Se você quer começar a investir no Brasil mas não sabe por onde começar, saiba que o obstáculo raramente é o dinheiro. Muitas pessoas acreditam que precisam de R$ 5.000 ou R$ 10.000 guardados antes de dar o primeiro passo, quando, na verdade, o primeiro aporte pode ser feito com menos de R$ 10. O que falta é um roteiro claro, passo a passo, que transforme intenção em ação.
Na Educ Finanças, acompanhamos estudantes e clientes que partiram do zero e construíram os primeiros reais investidos seguindo exatamente o caminho que você vai aprender neste artigo.

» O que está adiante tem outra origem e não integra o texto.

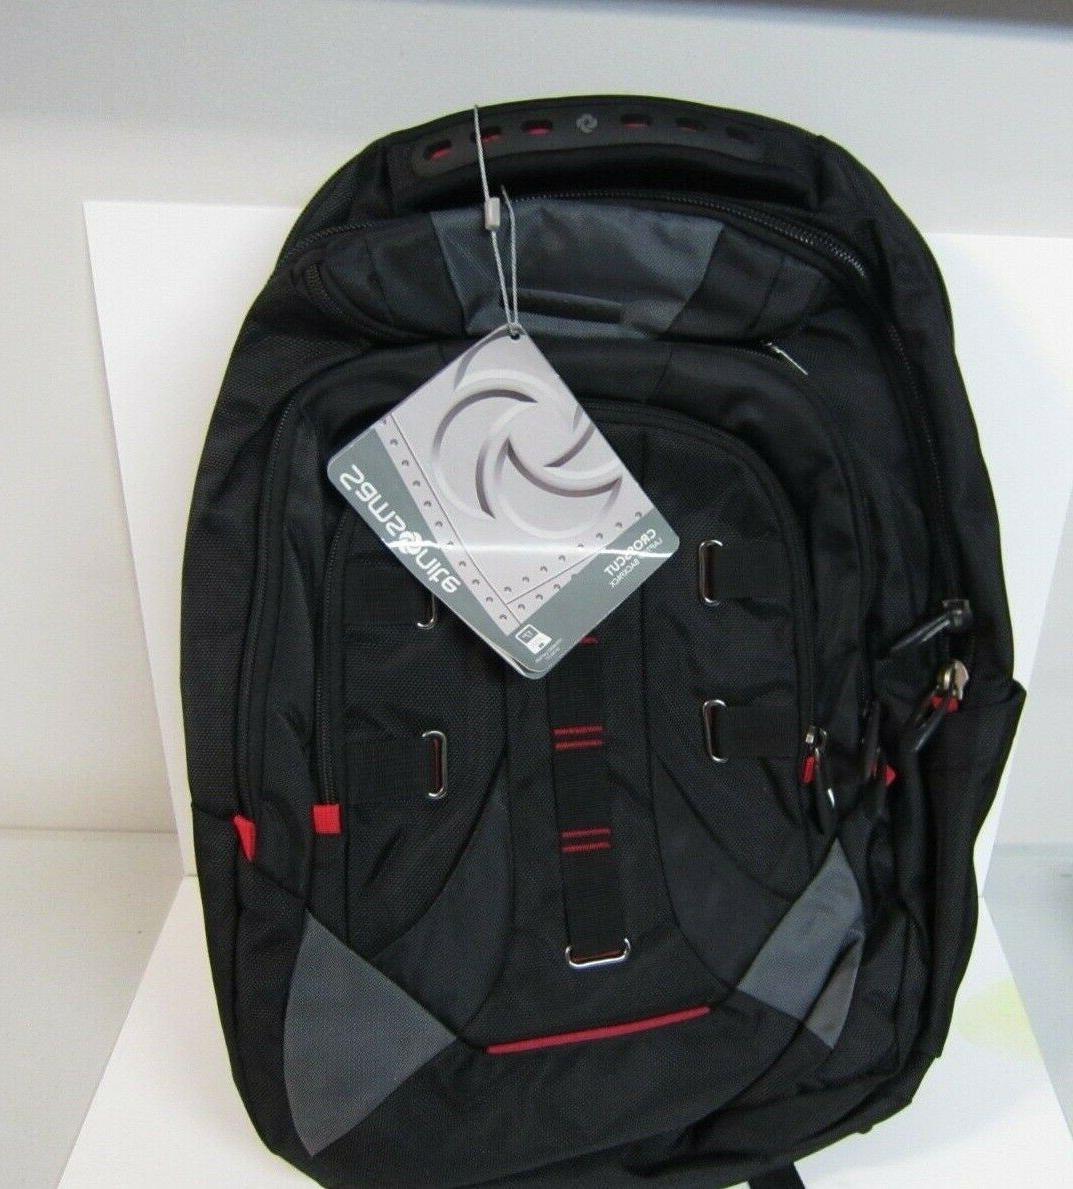 Samsonite Laptop Backpack - Black

Nas próximas seções, você vai entender como montar sua reserva de emergência, abrir conta em uma corretora, escolher seus primeiros investimentos, entender taxas e impostos, e montar um plano de aportes mensais que realmente cabe no seu orçamento.

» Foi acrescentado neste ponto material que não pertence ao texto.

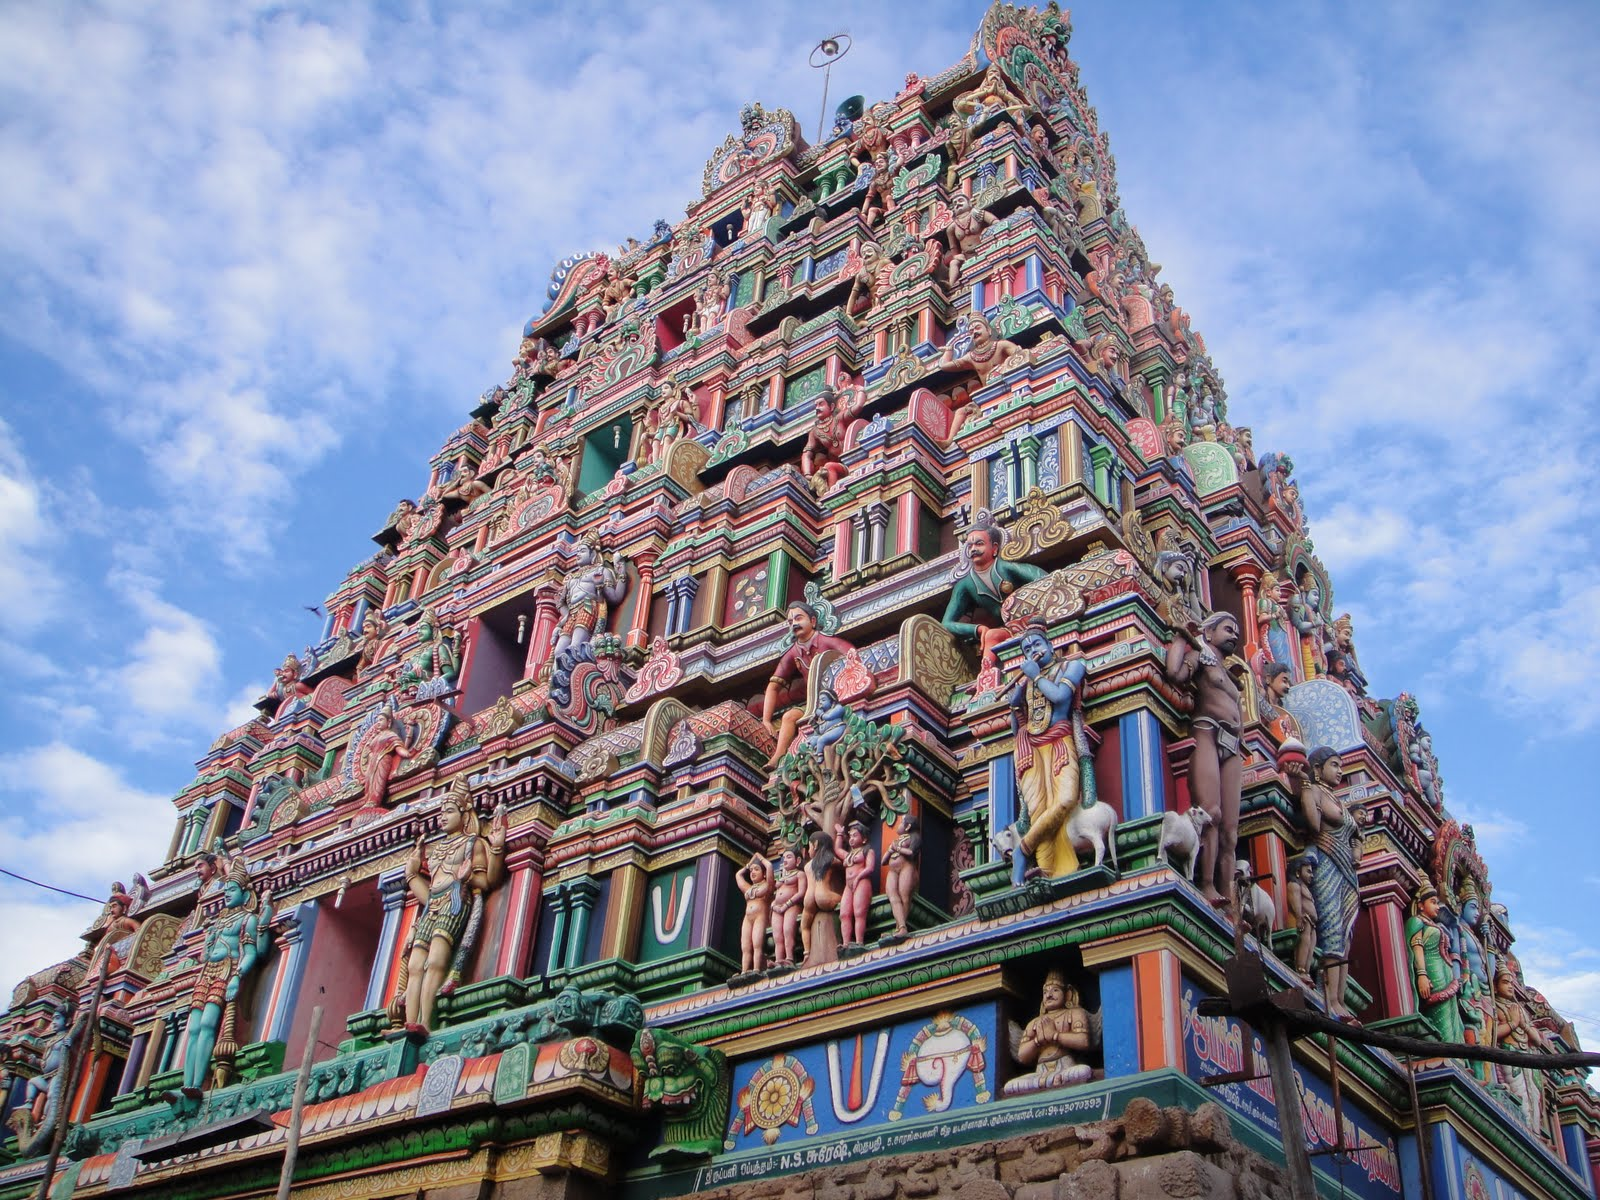 Oppiliappan or Uppaliappan Temple, Kumbakonam, Tamil Nadu

A reserva de emergência vem antes de qualquer investimento
Pular essa etapa é um dos erros mais comuns de quem quer começar a investir no Brasil. Sem uma reserva, qualquer imprevisto força o investidor a resgatar aplicações no pior momento. Quando isso acontece, você perde rentabilidade acumulada e, nos casos mais graves, ainda paga imposto antes do prazo ideal.
Quanto você precisa ter na reserva
A regra prática é simples: quem tem renda estável, como trabalhadores CLT, precisa guardar entre 3 e 6 meses de despesas essenciais. Autônomos, MEIs e freelancers, por terem renda variável, precisam de 6 a 12 meses. Se você gasta R$ 3.500 por mês com moradia, alimentação, transporte e contas básicas, sua reserva deve ficar entre R$ 10.500 e R$ 21.000 antes de pensar em qualquer outro tipo de investimento.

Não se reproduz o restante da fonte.